Is VAST a minnow or a whale?

In its press briefing, VAST teased some clues about the size of its business underneath the surface. One concerned the size of customer orders.

Denworth said VAST has just achieved its third $10m-spend account – a customer in the defence sector. He said the company has dozens of $1m customers and is “getting first orders of $5m from customers.”

VAST won its first $10m deal from a hedge fund in December 2019. The customer now has 30PB of VAST storage. The second $10m customer is a large US government agency in the bioinformatics and health sector.

A second clue relates to VAST’s headcount. At the end of fy2021 it was 186. VAST said it is averaging a nearly $1m run rate per employee, which is a tad over-enthusiastic with a $150m run rate. The company wants to hire 200 people in 2021, with Peter Gadd, VP International, aiming to hire 30 to 50 outside North America. He is focusing on Europe and Asia.

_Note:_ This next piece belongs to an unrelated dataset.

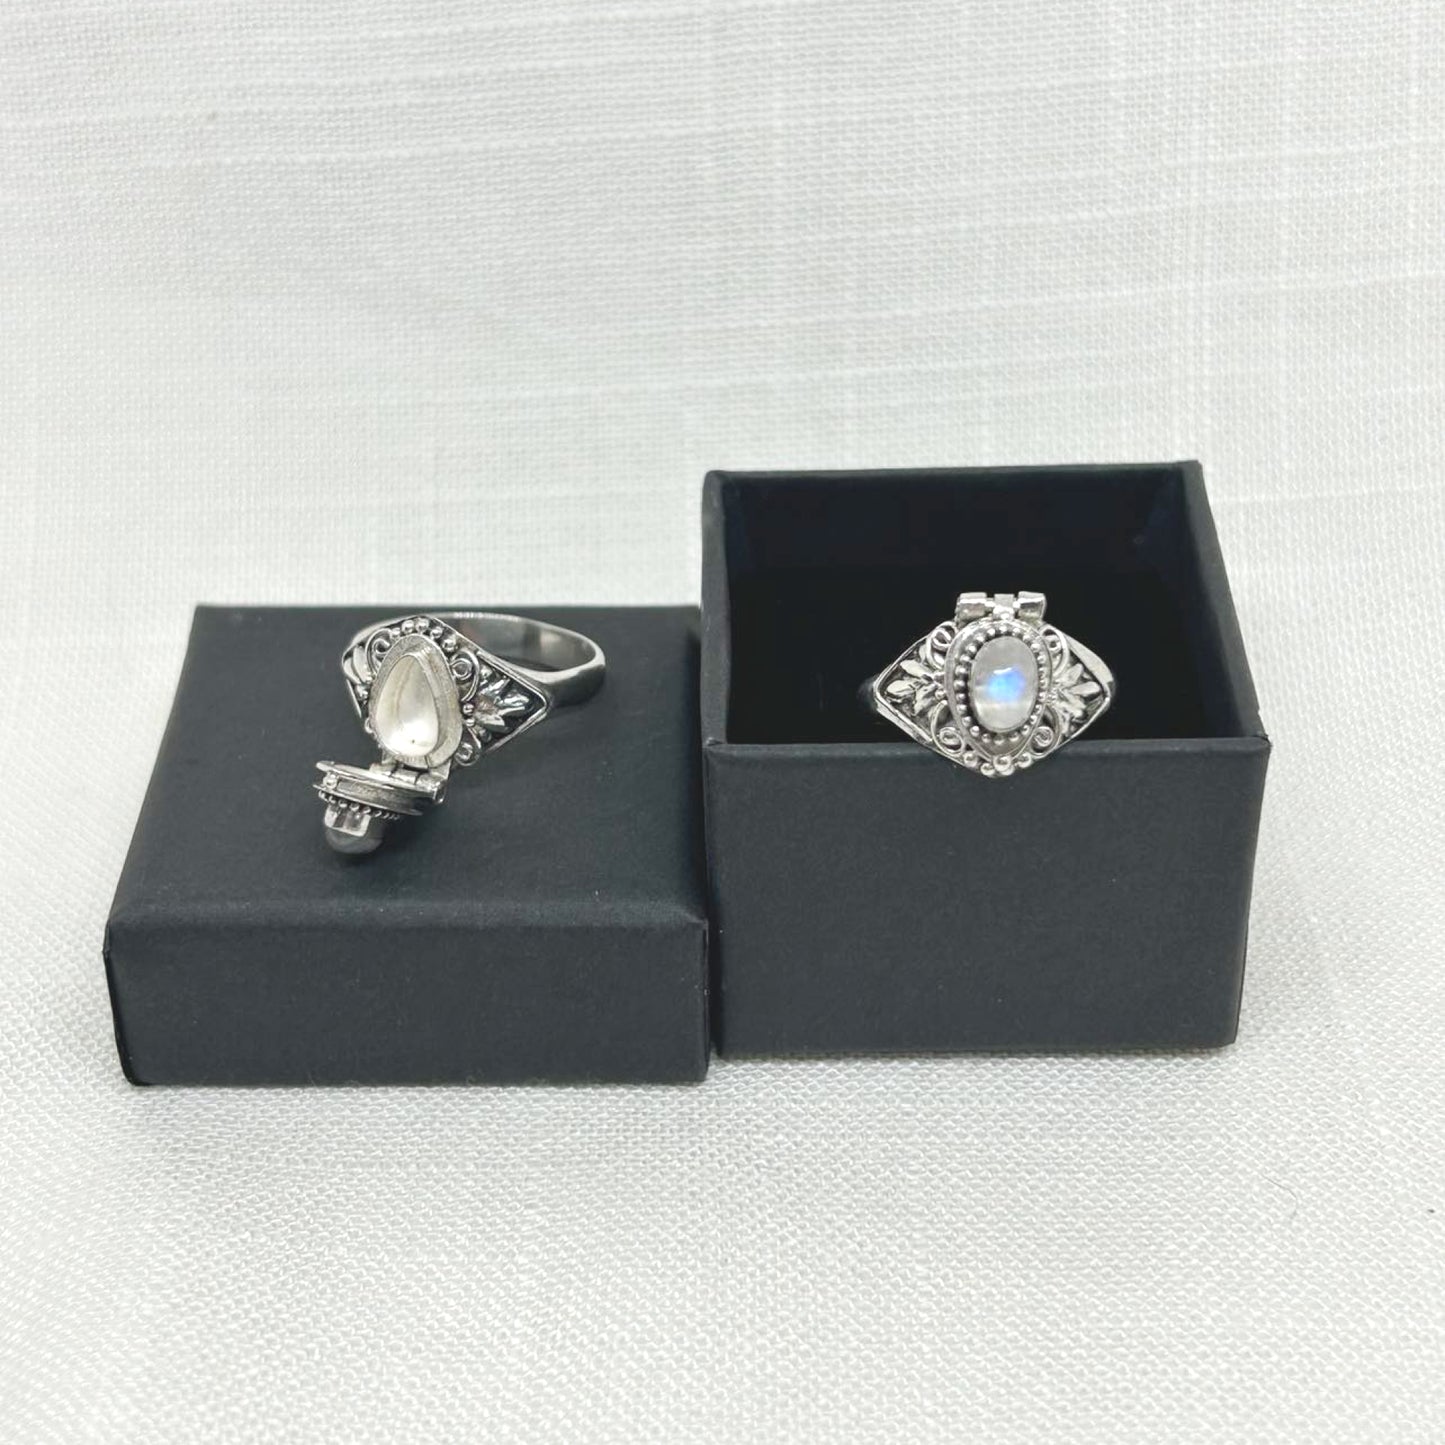 A beautifully patterned hand made poison ring with an oval Rainbow Moonstone sitting on the top. The crystal is approx 7mm long by 5mm wide. Total length of the ring is approx 15mm. The hidden box sits on top of the ring with a functioning lid to hold small objects or the old days, a small amount of poison. All jewellery comes gift boxed.

A third clue is that VAST compares itself to Pure Storage, saying it has fewer employees than Pure and is growing faster. Denworth characterises Pure as selling medium and small enterprise deals that are susceptible to migration to the public cloud. VAST’s on-premises business deals are more sustainable as they involve larger volumes of data that are difficult to move to the cloud, he claimed.

VAST background and direction

VAST markets its Universal Storage Array as a consolidator of all enterprise storage tiers onto its single scale-out, QLC flash-based platform.The system relies on its software, NVMe-over-Fabrics, Optane SSDs, metadata management and data reduction features to provide high-speed and enterprise disk drive array affordability.

Denworth revealed VAST plans a gen 3 hardware refresh later in the year. He said the company has a single data centre product – we press briefing participants detected hints of smaller VAST arrays coming, cross-data centre metro/geo technology, and some kind of future compute/application processing in the arrays.

VAST Data marketing VP Daniel Bounds said on the press call that VAST ”is building the next great independent storage company.” In other words, its ambition is to dress itself for IPO as opposed to a trade sale.